Publish dateWednesday 24 April 2024 - 09:49
Story Code : 289277
The plan to deport immigrants to Rwanda was approved by the British Parliament
The British Parliament approved the plan to deport immigrants from this country to Rwanda despite widespread protests by human rights organizations.
Afghan Voice Agency (AVA) - International Service: The British Parliament has approved a very controversial bill aimed at deporting immigrants to Rwanda, and this is for immigrants who have entered the UK illegally, regardless of the point of entry.

This project, which was announced two years ago by the British Prime Minister Rishi Sunak's conservative government and presented as a landmark measure in his policy to fight illegal immigration, aims to transfer asylum seekers to Rwanda.

According to Lacroix, the text that was discussed in the British Parliament on Monday, April 22, was in line with the answer to the Supreme Court, which had assessed this text as illegal last November.

This plan defines Rwanda as a safe third country. However, if Rwanda presents itself as one of the most stable countries on the African continent, its president, Paul Kagame, is accused of ruling in an atmosphere of fear, suppression of opposition and freedom of expression.
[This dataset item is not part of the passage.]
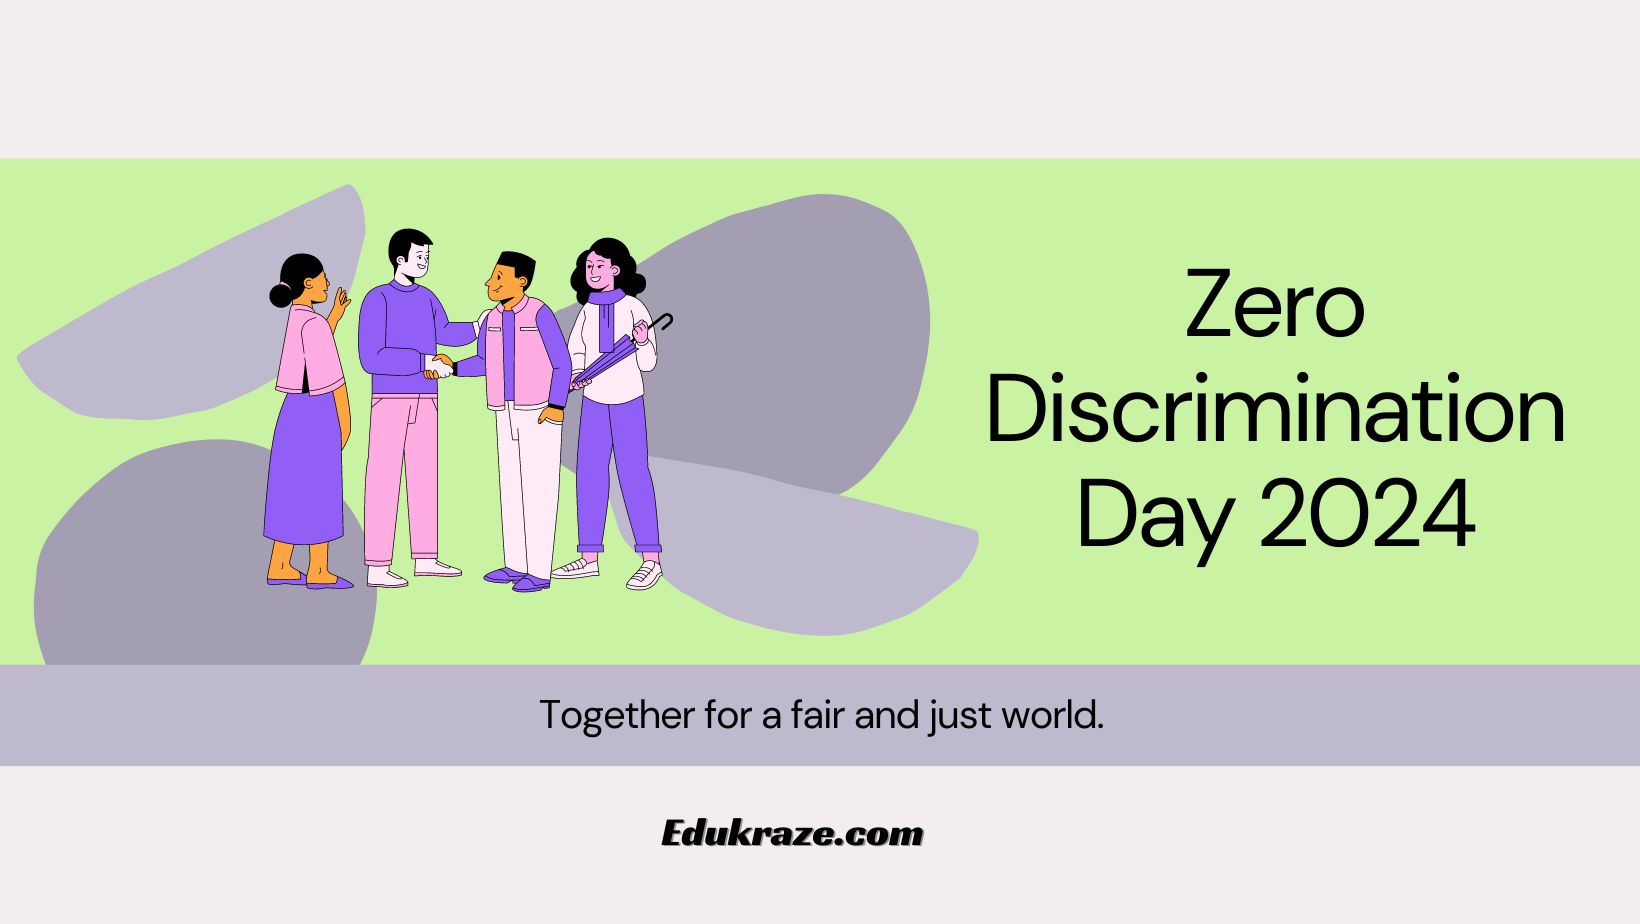 Zero Discrimination Day 2024: Celebrating Inclusion and Human Rights

Britain's House of Lords, where the Conservatives do not have a majority, delayed final approval of the text by constantly sending it to the House of Commons with amendments that were systematically rejected by MPs. A maneuver known as "parliamentary ping pong".

The British legislators wanted Rwanda not to be considered a safe country until an independent monitoring body ensured that Rwanda was safe. They also wanted British agents, allies and employees abroad, including Afghans fighting alongside the British armed forces, to be exempted from deportation to Rwanda.
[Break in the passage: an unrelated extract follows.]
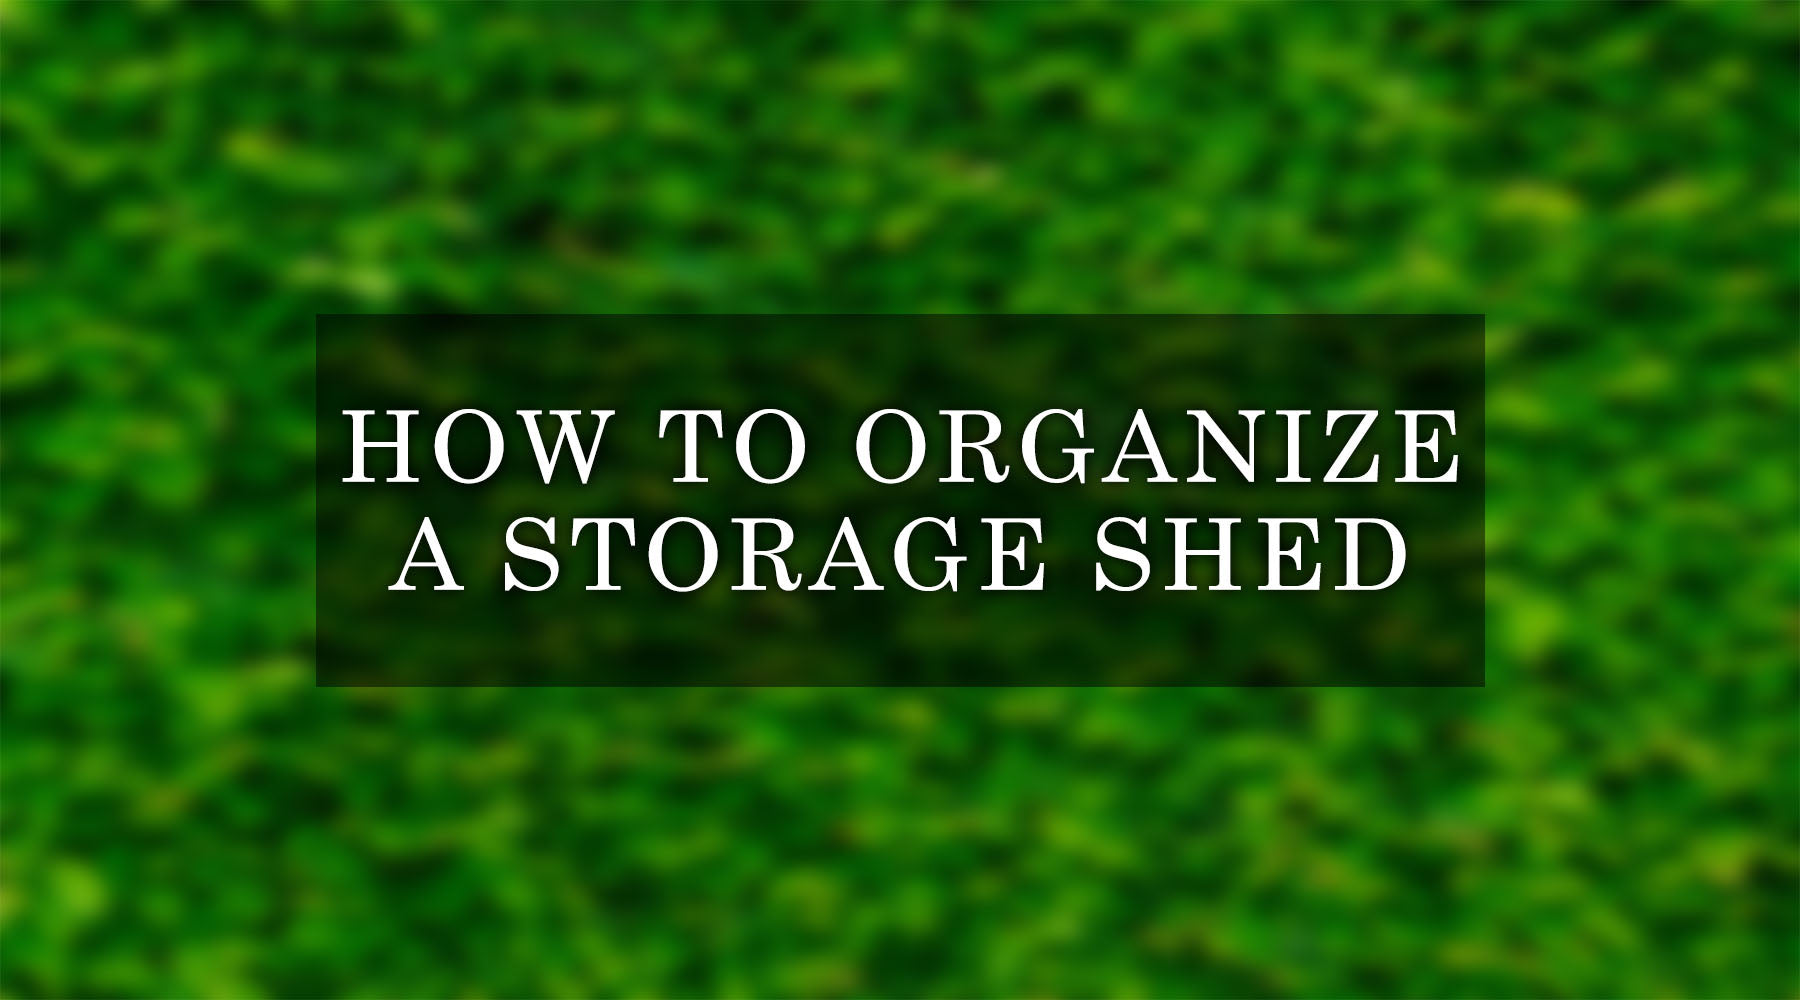 How to Organize a Storage Shed - Organization Ideas

On Monday, Rishi Sunak assured that his government is ready to deport asylum seekers to Rwanda within 10 to 12 weeks after the law is passed.

The government's bill has been heavily criticized by the Labor Party, migrant aid groups, the head of the Church of England and even the UN High Commissioner for Human Rights, Volker Turk. The UN special rapporteurs on human trafficking, migrant rights and torture have warned that airlines and authorities facilitating the flights in question may be complicit in human rights abuses.

After reaching a record in 2022 (45,000) and then declining in 2023 (nearly 30,000), the number of people illegally crossing the English Channel by boat has increased by more than 20 percent since the beginning of the year compared to last year.